Copy the lines below exactly, starting at the one with "France, Paris 1900" and ending at the one with "Sherri Sherri Sherri", and leave out any picture.

▶ **Recorded information**:
◆ ◆ ◆ ◆

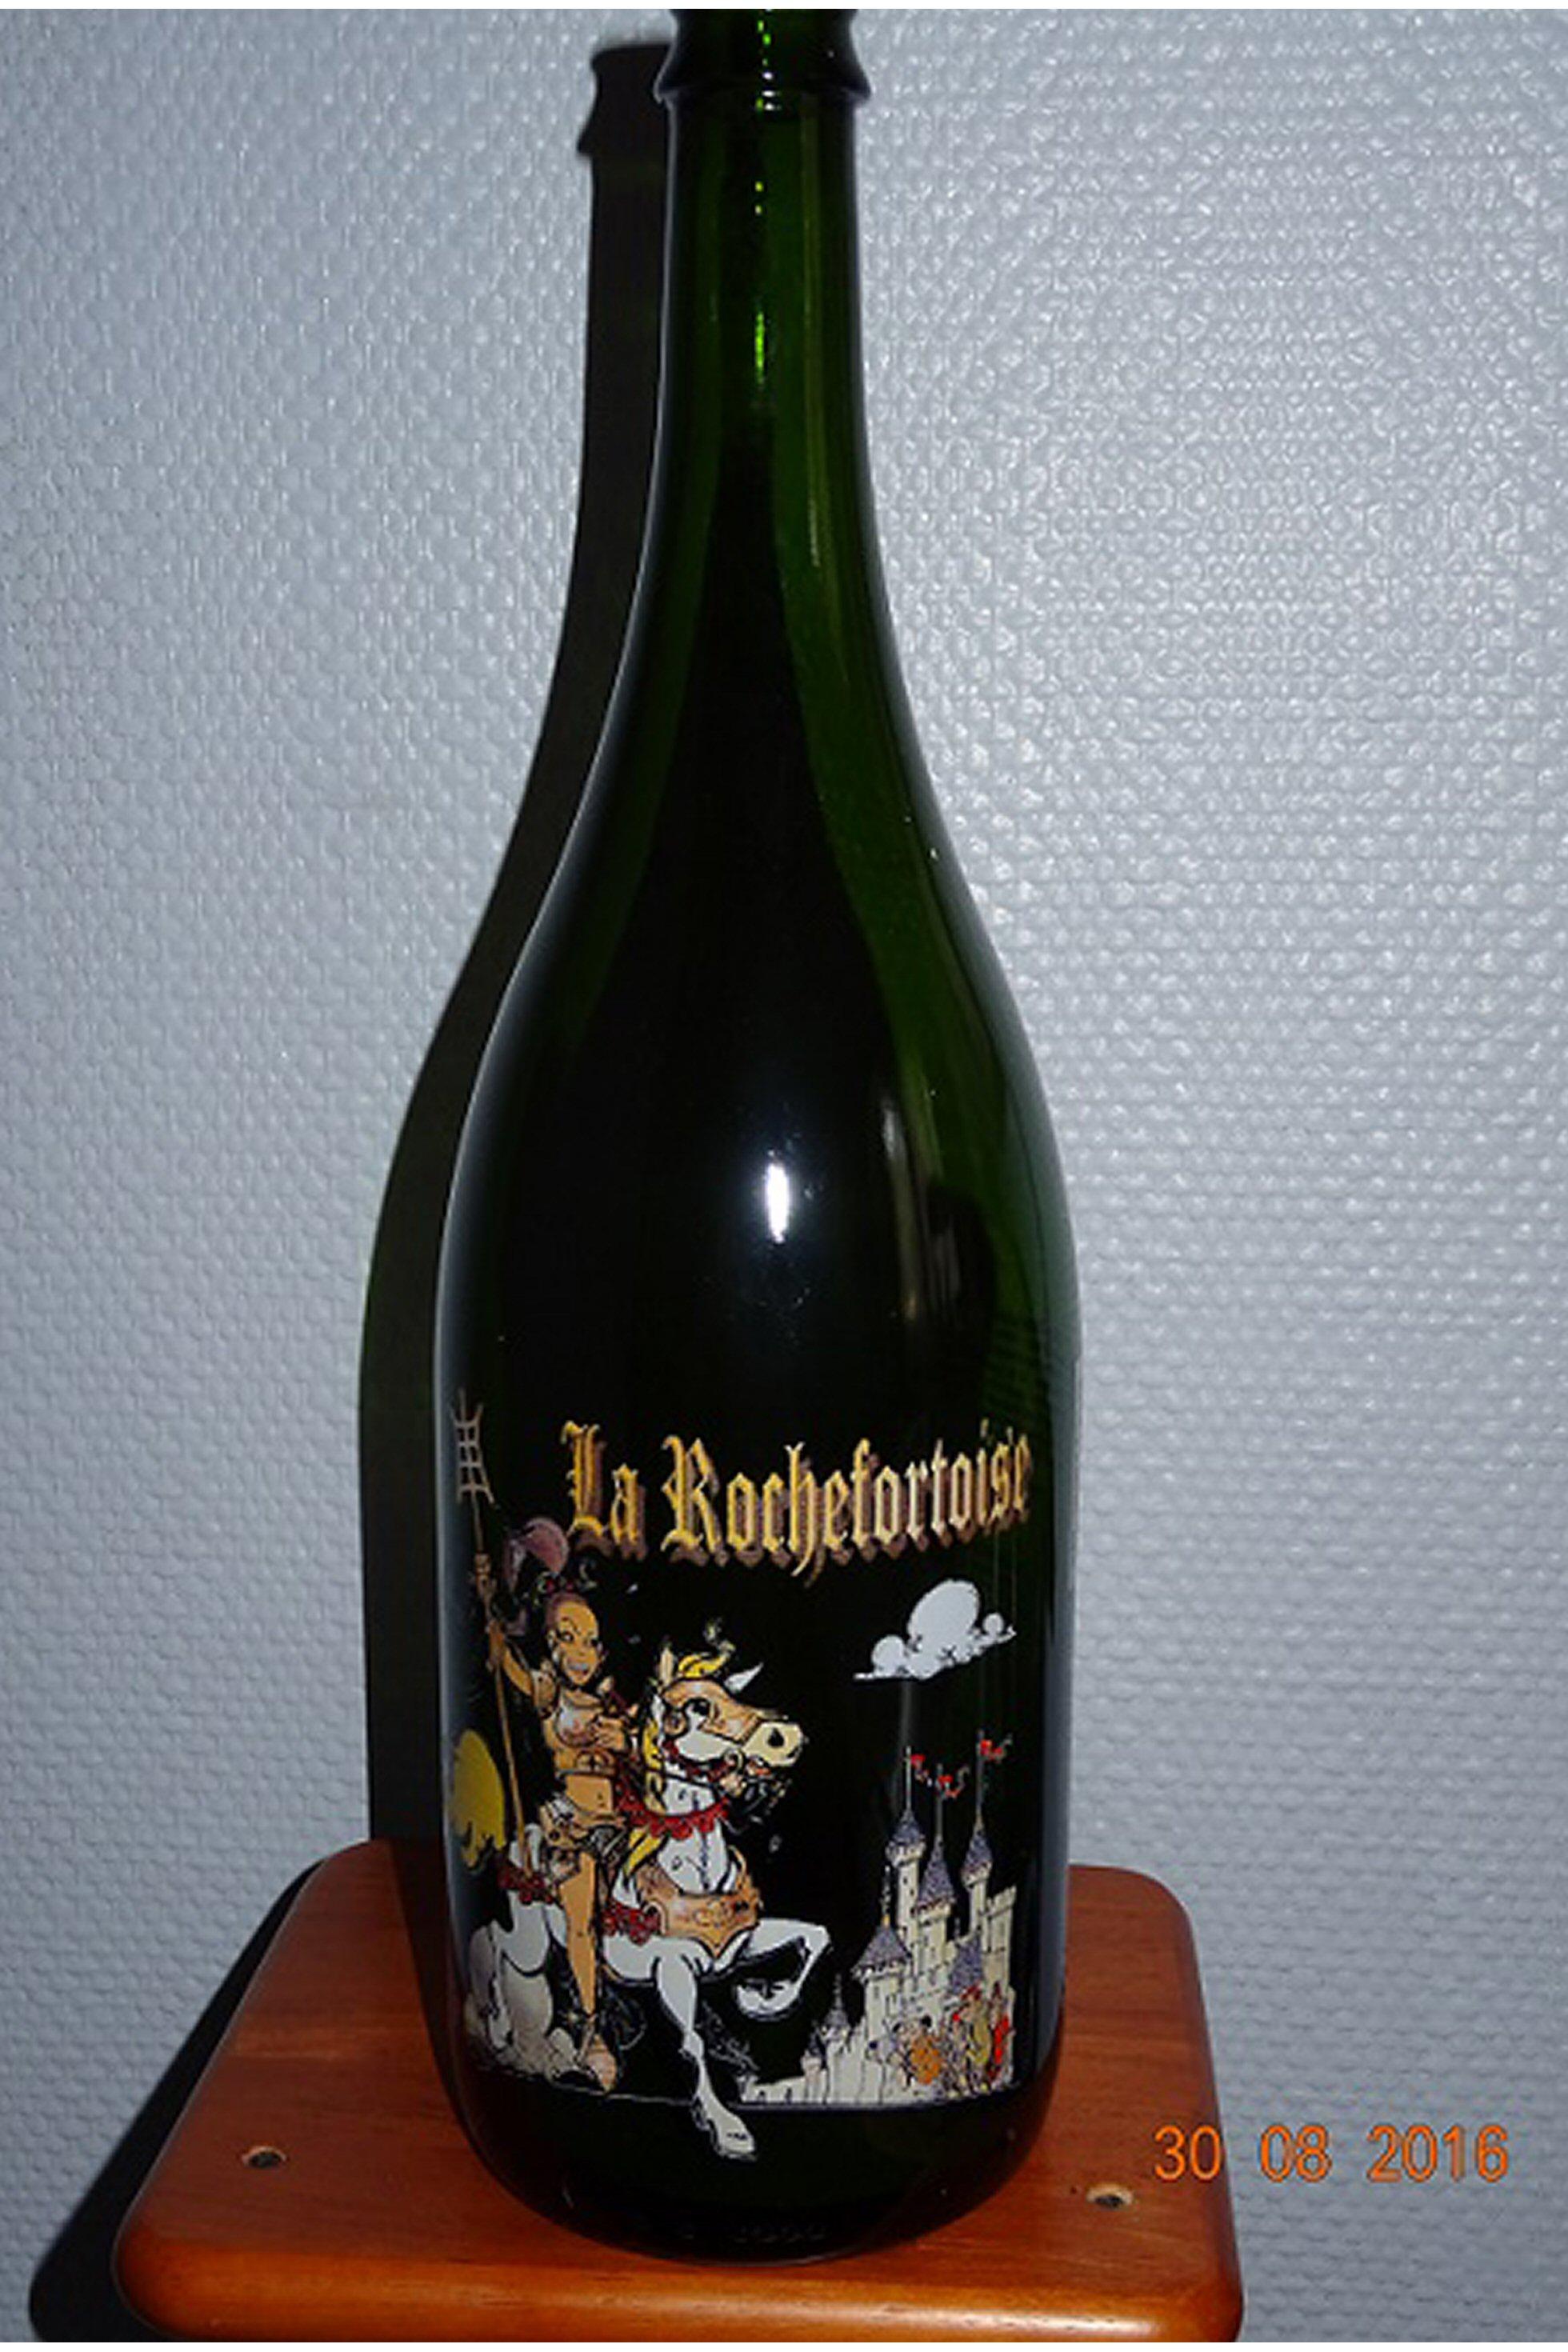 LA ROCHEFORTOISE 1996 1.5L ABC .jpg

◆ ◆ ◆ ◆

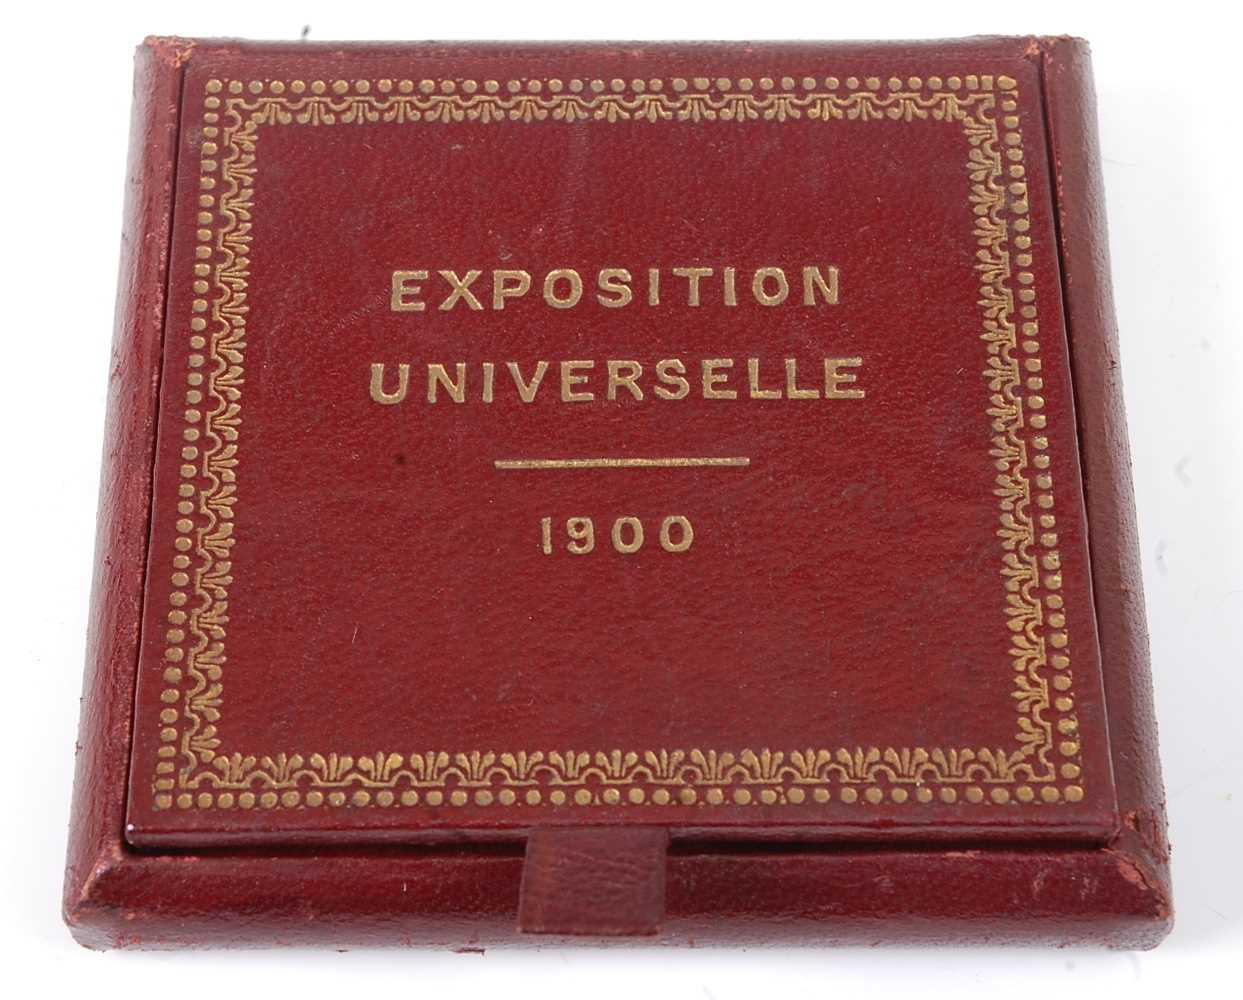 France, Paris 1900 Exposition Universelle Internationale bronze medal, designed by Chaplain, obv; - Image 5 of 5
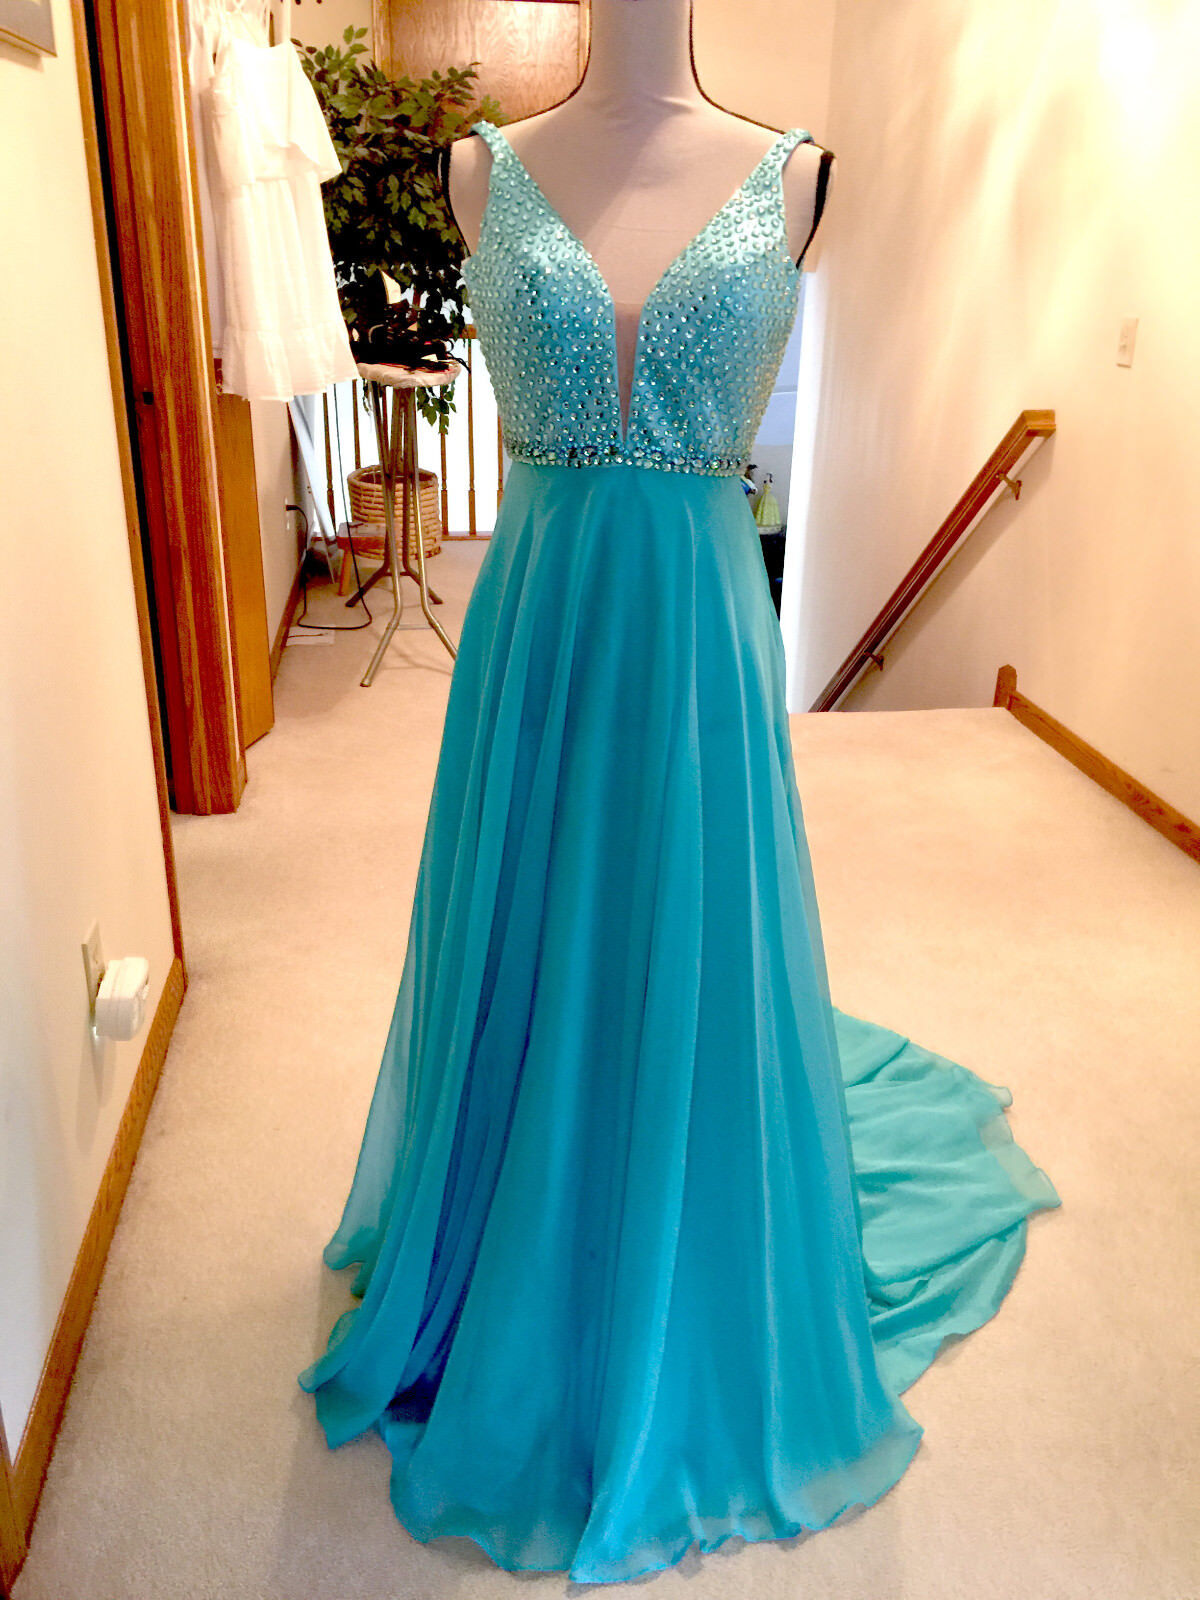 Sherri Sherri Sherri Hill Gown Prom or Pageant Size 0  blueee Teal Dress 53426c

◆ ◆ ◆ ◆

▶ **Answer below**:
 France, Paris 1900 Exposition Universelle Internationale bronze medal, designed by Chaplain, obv; - Image 5 of 5
 Sherri Sherri Sherri Hill Gown Prom or Pageant Size 0  blueee Teal Dress 53426c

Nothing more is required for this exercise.